Hardware checkpointing system

Information

  • Patent Application
  • 20070038891
  • Publication Number
    20070038891
  • Date Filed
    August 12, 2005
    19 years ago
  • Date Published
    February 15, 2007
    17 years ago
Abstract
A method and a system for recovering a computing system's hardware state. In one embodiment the method includes simulating a removal of a hardware device from a bus of the computing system, simulating the replacement of the hardware device onto the bus and executing a configuration program for the computing system. In another embodiment the removal of the hardware device from the bus is simulated following a detection of a fault in the computing system.
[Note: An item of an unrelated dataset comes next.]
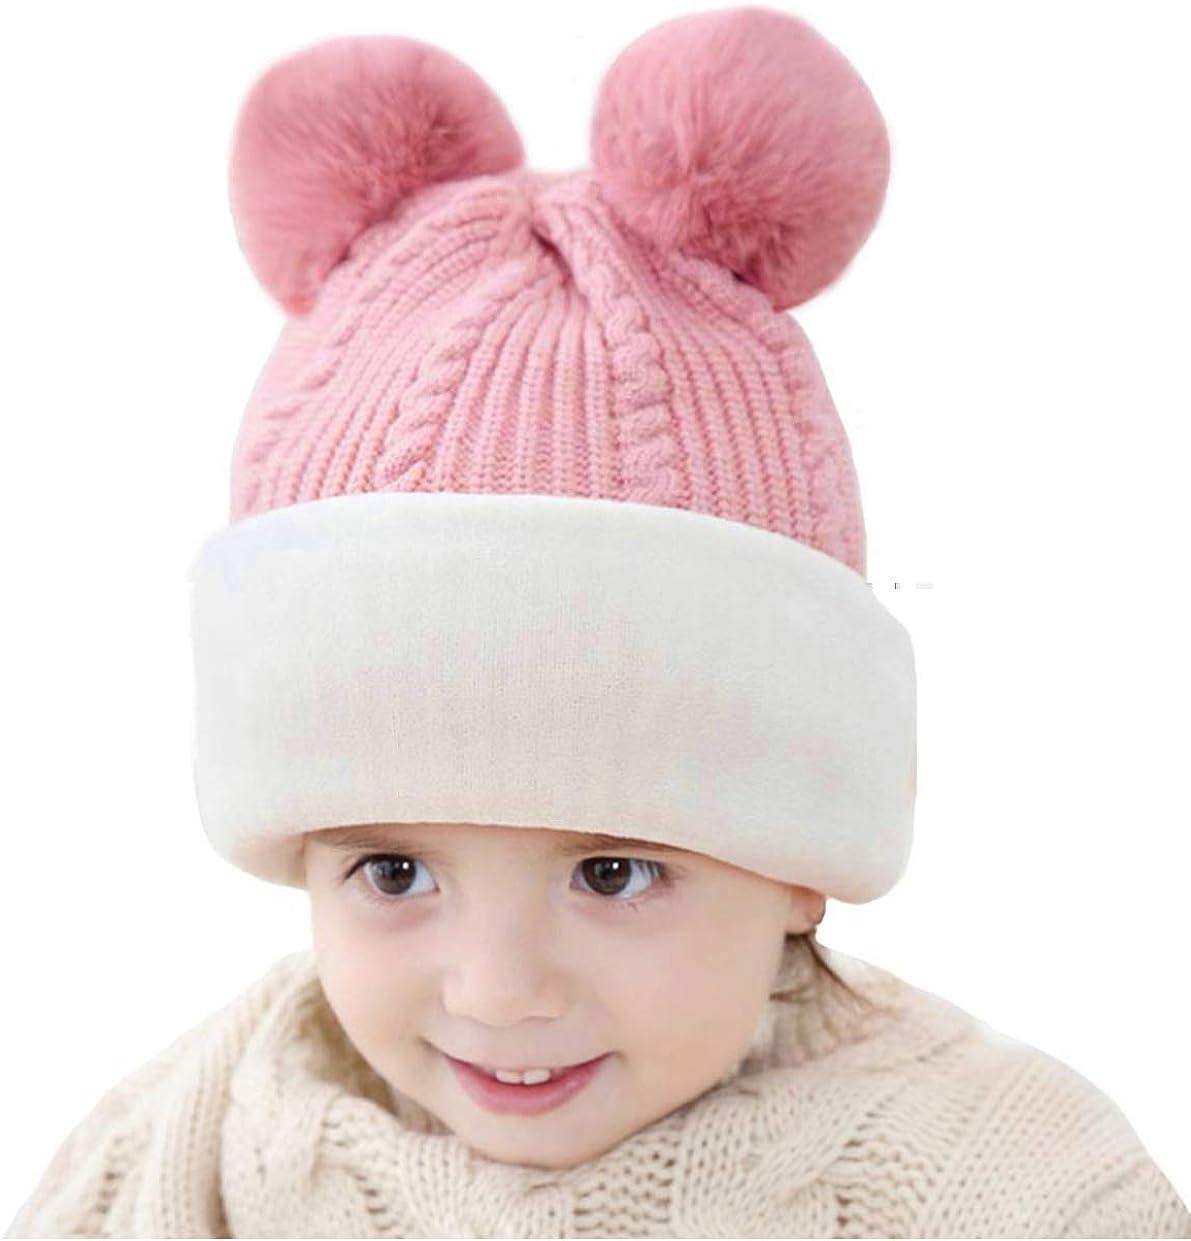 vamei Enfants Bonnet Echarpe Cape Hiver Chapeau Chaud b/éb/é en Tricot Pom Toddler Cagoule Balaclava Cache-Cou Masque Tour de Cou Coupe-Vent en Tissu Filles Gar/çons B/éb/és

In another embodiment the simulating of the removal of the hardware device from the bus includes modifying a list of hardware devices connected to the bus by removing the hardware device from the list.
Description
FIELD OF INVENTION

The invention relates to computer systems and more specifically to checkpointing of computer systems.


BACKGROUND OF THE INVENTION

Most faults encountered in a computer system are transient or intermittent in nature, exhibiting themselves as momentary glitches. However, since transient and intermittent faults can, like permanent faults, corrupt data that is being manipulated at the time of the fault, it is necessary to record periodically a recent state of the computer system to which the computer system can be restored following the fault. Such periodic a recordation of recent computer states is termed “checkpointing”.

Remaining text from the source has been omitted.